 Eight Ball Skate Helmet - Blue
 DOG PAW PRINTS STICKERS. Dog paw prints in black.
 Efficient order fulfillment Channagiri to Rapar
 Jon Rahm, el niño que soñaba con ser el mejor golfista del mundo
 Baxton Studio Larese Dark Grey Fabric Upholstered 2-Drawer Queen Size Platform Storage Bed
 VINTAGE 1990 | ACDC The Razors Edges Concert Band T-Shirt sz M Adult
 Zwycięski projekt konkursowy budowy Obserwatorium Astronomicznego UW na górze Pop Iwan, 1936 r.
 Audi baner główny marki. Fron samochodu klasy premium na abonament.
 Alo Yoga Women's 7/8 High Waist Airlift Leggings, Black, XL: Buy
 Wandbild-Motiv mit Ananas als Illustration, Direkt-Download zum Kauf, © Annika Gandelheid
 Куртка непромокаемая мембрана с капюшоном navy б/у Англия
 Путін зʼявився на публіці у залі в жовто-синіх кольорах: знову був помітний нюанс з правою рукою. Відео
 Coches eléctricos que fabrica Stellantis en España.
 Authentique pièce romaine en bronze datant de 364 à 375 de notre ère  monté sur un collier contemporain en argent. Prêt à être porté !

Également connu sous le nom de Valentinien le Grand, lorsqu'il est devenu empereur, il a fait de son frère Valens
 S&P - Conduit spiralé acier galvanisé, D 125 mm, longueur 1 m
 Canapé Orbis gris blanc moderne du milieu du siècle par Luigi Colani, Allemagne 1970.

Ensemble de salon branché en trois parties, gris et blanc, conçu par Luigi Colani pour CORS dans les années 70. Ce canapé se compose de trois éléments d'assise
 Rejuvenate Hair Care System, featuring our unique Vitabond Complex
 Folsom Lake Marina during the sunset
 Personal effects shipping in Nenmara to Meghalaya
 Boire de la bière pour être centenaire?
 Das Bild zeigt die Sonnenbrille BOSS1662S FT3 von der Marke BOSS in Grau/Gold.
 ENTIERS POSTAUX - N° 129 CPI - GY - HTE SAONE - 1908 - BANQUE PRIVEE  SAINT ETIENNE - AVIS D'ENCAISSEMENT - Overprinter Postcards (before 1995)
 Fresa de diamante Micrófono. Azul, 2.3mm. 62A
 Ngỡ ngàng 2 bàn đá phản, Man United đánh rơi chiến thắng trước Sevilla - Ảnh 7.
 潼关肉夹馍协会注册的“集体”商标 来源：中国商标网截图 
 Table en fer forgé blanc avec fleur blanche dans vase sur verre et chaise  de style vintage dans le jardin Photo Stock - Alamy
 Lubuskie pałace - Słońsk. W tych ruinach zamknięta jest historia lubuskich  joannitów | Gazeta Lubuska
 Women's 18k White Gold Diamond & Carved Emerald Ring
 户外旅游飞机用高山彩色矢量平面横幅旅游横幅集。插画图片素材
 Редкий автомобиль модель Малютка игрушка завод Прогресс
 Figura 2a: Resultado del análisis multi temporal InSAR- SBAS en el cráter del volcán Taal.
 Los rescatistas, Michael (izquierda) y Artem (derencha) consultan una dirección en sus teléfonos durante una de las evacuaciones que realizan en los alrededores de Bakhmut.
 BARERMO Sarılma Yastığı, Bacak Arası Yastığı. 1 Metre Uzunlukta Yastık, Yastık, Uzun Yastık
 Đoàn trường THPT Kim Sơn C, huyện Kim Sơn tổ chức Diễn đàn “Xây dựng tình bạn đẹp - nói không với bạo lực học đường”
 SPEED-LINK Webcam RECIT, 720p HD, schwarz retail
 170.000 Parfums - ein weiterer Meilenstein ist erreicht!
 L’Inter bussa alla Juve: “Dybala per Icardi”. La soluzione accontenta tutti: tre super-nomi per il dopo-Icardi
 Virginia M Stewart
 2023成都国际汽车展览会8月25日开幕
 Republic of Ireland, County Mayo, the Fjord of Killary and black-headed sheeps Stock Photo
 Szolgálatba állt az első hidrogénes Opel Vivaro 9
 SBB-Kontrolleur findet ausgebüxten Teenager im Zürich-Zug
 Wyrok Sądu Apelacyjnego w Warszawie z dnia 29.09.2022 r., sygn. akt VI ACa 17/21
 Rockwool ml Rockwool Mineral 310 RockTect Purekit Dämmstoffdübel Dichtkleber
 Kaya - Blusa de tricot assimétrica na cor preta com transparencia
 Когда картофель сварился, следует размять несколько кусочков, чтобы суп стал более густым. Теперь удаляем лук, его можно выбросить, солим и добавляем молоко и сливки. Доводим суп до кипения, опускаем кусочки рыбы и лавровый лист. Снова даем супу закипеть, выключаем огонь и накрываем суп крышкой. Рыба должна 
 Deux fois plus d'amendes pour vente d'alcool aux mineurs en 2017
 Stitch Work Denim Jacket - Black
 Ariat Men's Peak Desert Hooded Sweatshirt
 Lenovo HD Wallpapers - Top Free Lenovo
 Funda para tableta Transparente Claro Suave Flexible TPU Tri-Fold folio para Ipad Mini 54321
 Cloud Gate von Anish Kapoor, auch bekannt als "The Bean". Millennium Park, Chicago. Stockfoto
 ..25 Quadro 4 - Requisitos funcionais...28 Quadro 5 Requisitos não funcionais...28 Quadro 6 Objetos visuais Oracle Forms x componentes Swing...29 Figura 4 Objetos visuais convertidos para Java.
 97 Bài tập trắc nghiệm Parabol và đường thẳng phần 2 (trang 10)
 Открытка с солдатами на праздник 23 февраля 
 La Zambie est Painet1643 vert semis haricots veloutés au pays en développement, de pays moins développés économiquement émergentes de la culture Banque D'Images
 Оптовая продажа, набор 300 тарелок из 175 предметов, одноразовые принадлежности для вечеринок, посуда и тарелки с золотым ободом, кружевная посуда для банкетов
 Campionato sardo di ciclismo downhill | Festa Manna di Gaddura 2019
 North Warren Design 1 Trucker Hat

☆ ☆ ☆

* _TASK ITEM_: Output exactly the lines from the one with "convertidos para Java." through the final line of the listing above.

* _RESULT OF THE EXERCISE_:
 ..25 Quadro 4 - Requisitos funcionais...28 Quadro 5 Requisitos não funcionais...28 Quadro 6 Objetos visuais Oracle Forms x componentes Swing...29 Figura 4 Objetos visuais convertidos para Java.
 97 Bài tập trắc nghiệm Parabol và đường thẳng phần 2 (trang 10)
 Открытка с солдатами на праздник 23 февраля 
 La Zambie est Painet1643 vert semis haricots veloutés au pays en développement, de pays moins développés économiquement émergentes de la culture Banque D'Images
 Оптовая продажа, набор 300 тарелок из 175 предметов, одноразовые принадлежности для вечеринок, посуда и тарелки с золотым ободом, кружевная посуда для банкетов
 Campionato sardo di ciclismo downhill | Festa Manna di Gaddura 2019
 North Warren Design 1 Trucker Hat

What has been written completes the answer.